Law360 (May 16, 2019, 4:16 PM EDT) — A D.C. federal judge paved the way Wednesday for a same-sex couple’s lawsuit challenging a U.S. Department of State policy requiring a biological relationship between foreign-born children and their American parent to see the inside of a courtroom.
In a minute order without an opinion, U.S. District Judge Emmet G. Sullivan rejected the federal government’s request to have the couple’s lawsuit thrown out, clearing an early hurdle for U.S. citizen Allison Dawn Blixt to have her son — who was carried by her Italian wife, Stefania Zaccari, through the use of an anonymous sperm donor and born abroad — declared an American citizen at birth.
Blixt and Zaccari were already married at the time of their son Lucas’ birth in London, and they are both his legal parents. But the State Department applied a provision of the Immigration and Nationality Act governing citizenship for children born to a binational couple abroad “out of wedlock,” which explicitly requires the child to be related biologically to the American parent to be born a U.S. citizen.
As a result, since Lucas is not biologically related to Blixt, the State Department found he did not qualify for U.S. citizenship at birth. The State Department did recognize the couple’s other child as an American citizen at birth because he was carried by Blixt.
“The judge’s decision to hear this case is an important step forward for the Zaccari-Blixt family and all families who are currently being denied equal treatment under the law,” Aaron C. Morris of Immigration Equality, who is representing the family, said in a statement. “The government should change its policy, and we will keep fighting until they do.”
The court’s decision arrives in the wake of a California federal judge’s ruling in favor of another same-sex couple in a similar suit, brought by the same counsel on behalf of a married gay couple, one American and one Israeli.
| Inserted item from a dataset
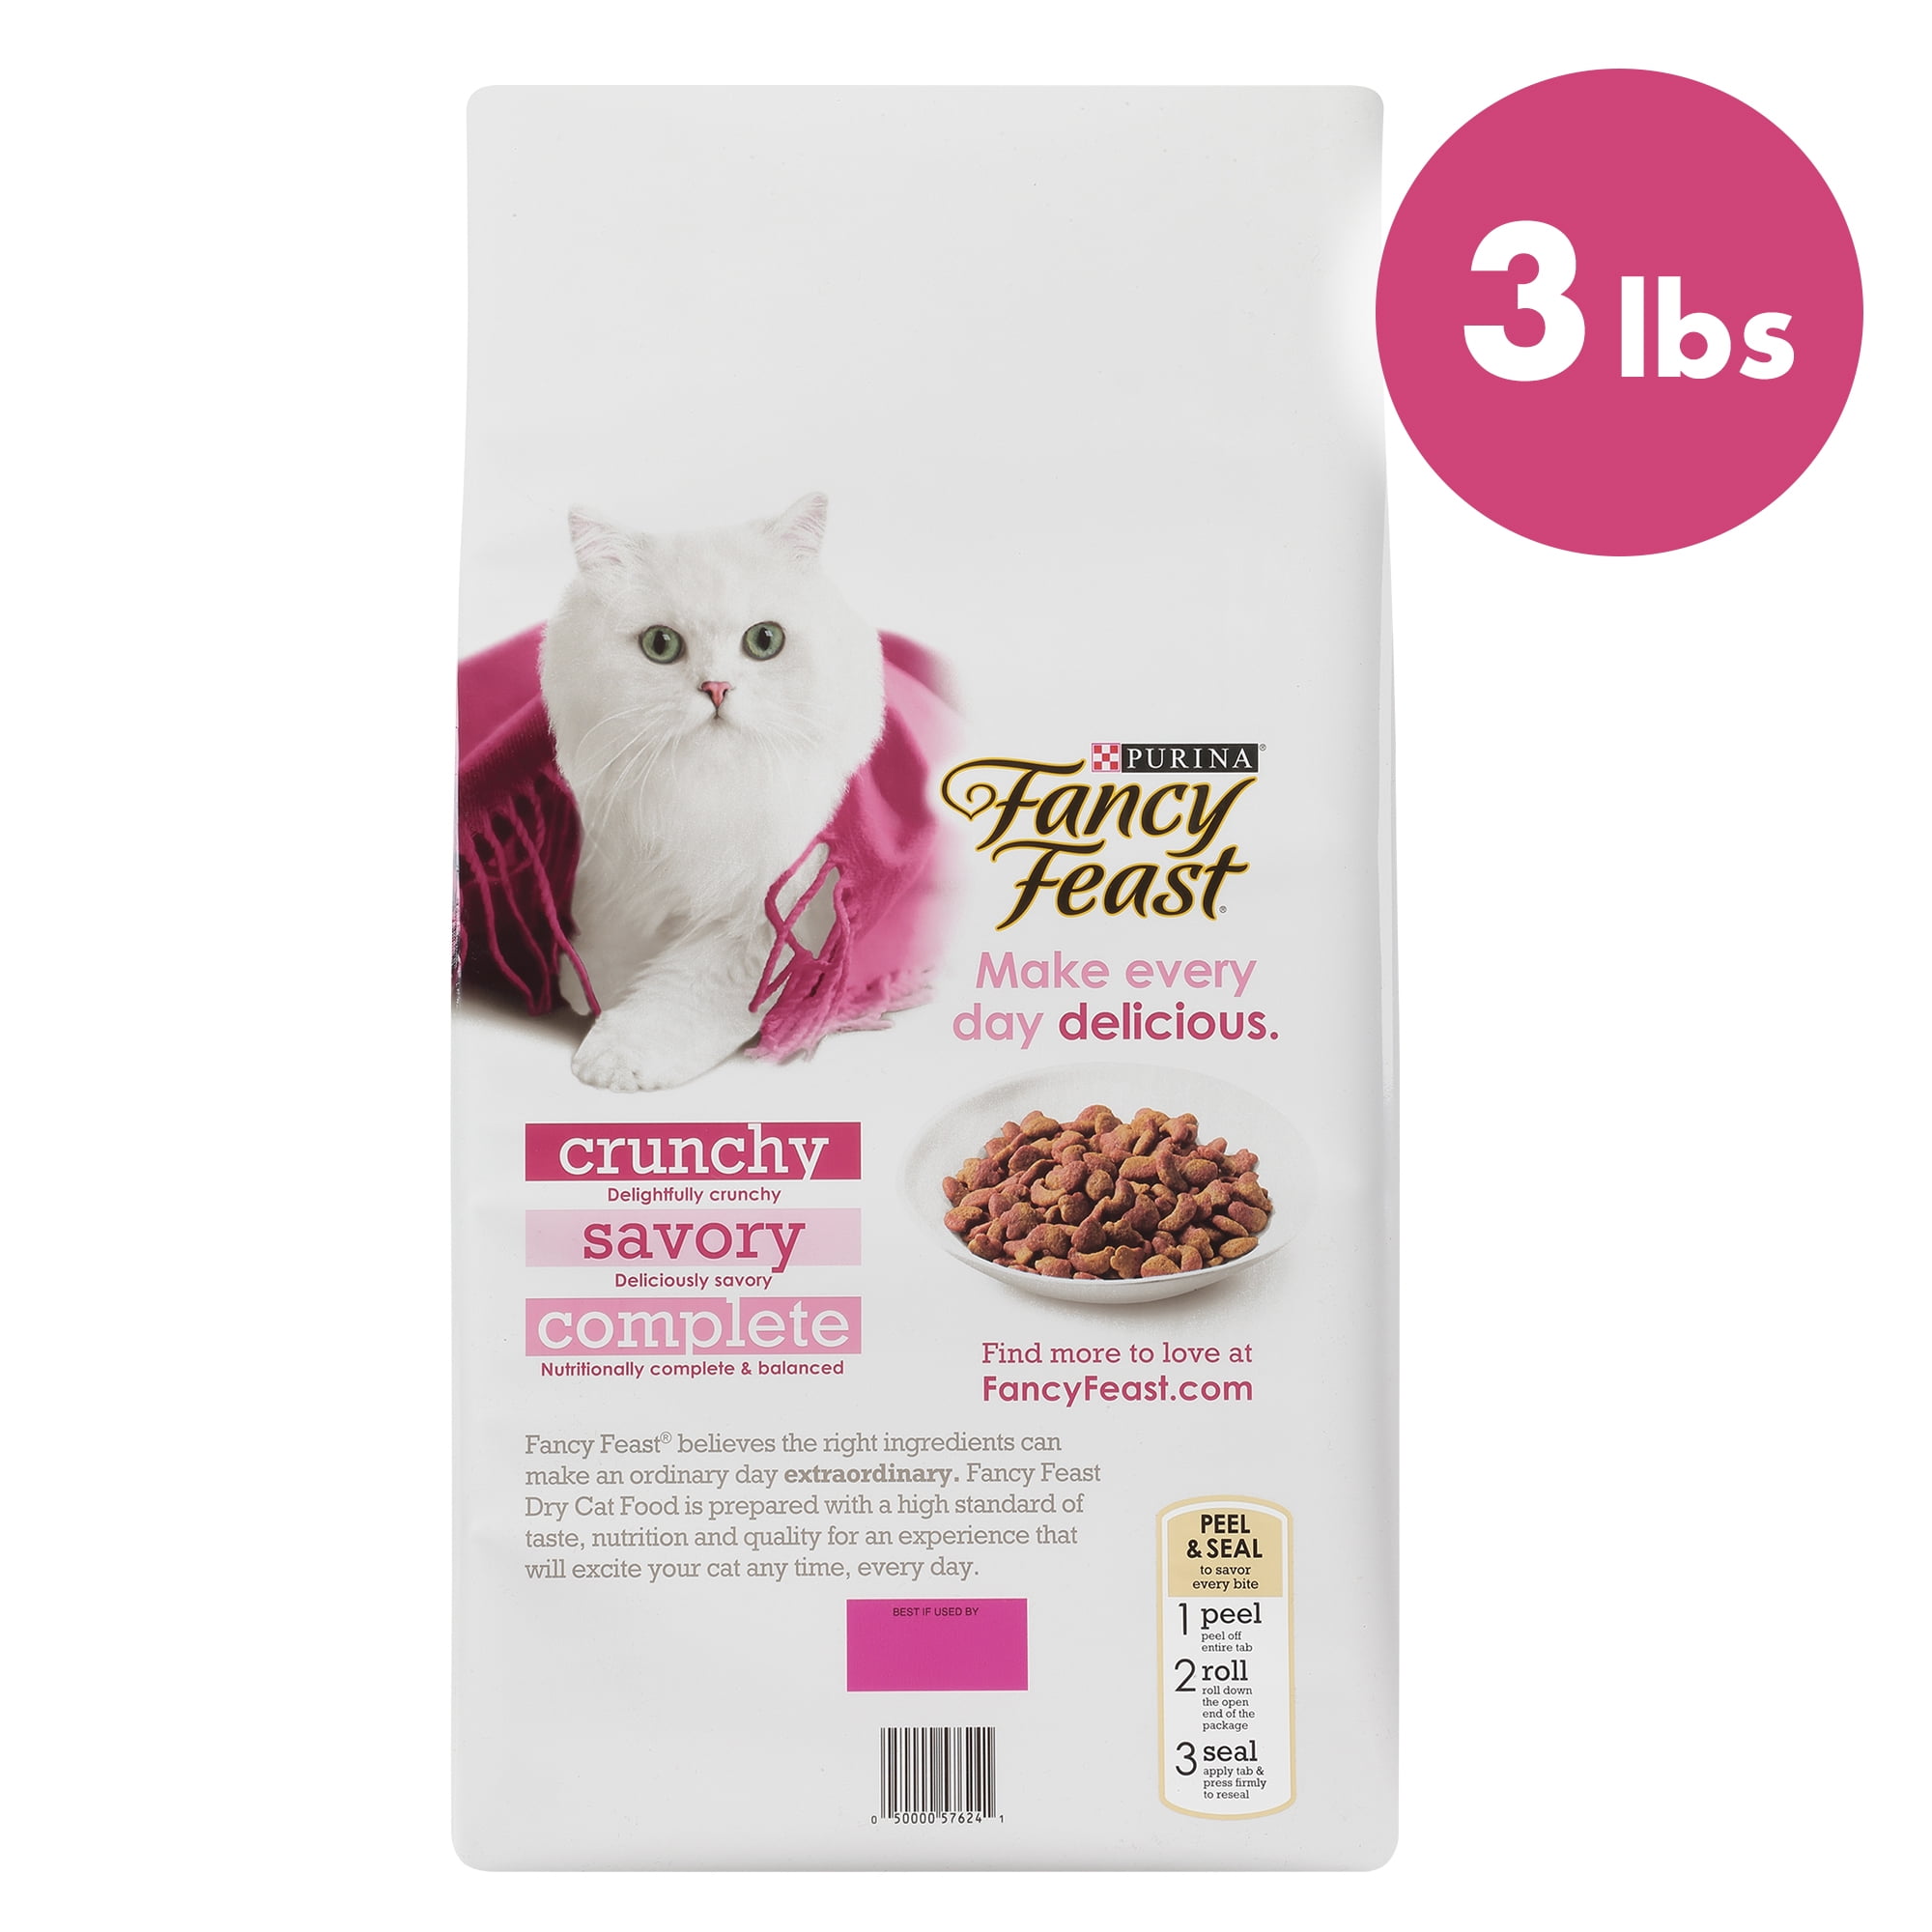 Purina Fancy Feast Dry Cat Food Reviews

The couple had twins in Canada after two eggs from the same donor — one fertilized with the American’s sperm and one with the Israeli’s sperm — were implanted in a gestational surrogate. Similarly, the State Department granted birthright citizenship to the son related to his American father but refused to do so for the boy related to his Israeli dad.
In a decision that’s currently on appeal at the Ninth Circuit, the California court ruled that the child did not need to show he is related to his American parent to be a U.S. citizen at birth if the couple is married, finding that the State Department’s interpretation of the federal immigration statute’s relevant provision as requiring a blood relation was “strained.”
But the judge stopped short of issuing a permanent injunction banning the State Department’s interpretation of the INA’s citizenship provisions for all families in similar situations, holding that such an injunction is “well beyond” what that family would need for complete relief for their son.
The Zaccari-Blixt family filed suit in January 2018, arguing that the State Department’s refusal to recognize the couple’s marriage when applying the INA provision for children born abroad “out of wedlock,” known as Section 309, was unconstitutional and violates administrative law.
The government moved to dismiss the case in September, contending that there is no relief available because even if the State Department had applied the provision for married couples, known as Section 301, where one parent is a U.S. citizen who meets a residency requirement, a blood relationship would still be required under guidance in the department’s foreign affairs manual.
The government explained that the State Department interprets the phrase “born … of parents,” included in the provision for children born to married couples, or “in wedlock,” to require a blood relation to both married parents, where “in wedlock” means “birth during the marriage of the biological parents to each other.”
A State Department official declined to comment on pending litigation, but said that the department’s citizenship guidance for children born through assisted reproductive technology is “longstanding” and has “been unchanged for several years,” aside from “non-substantive updates.”
According to the federal court docket, the Zaccari-Blixt family’s case will now move into discovery and mediation.
The family is represented by Elizabeth A. Cassady, Theodore Edelman, Jessica Klein, Philip L. Graham Jr. and Lauren M. Goldsmith of Sullivan & Cromwell LLP and Aaron C. Morris of Immigration Equality.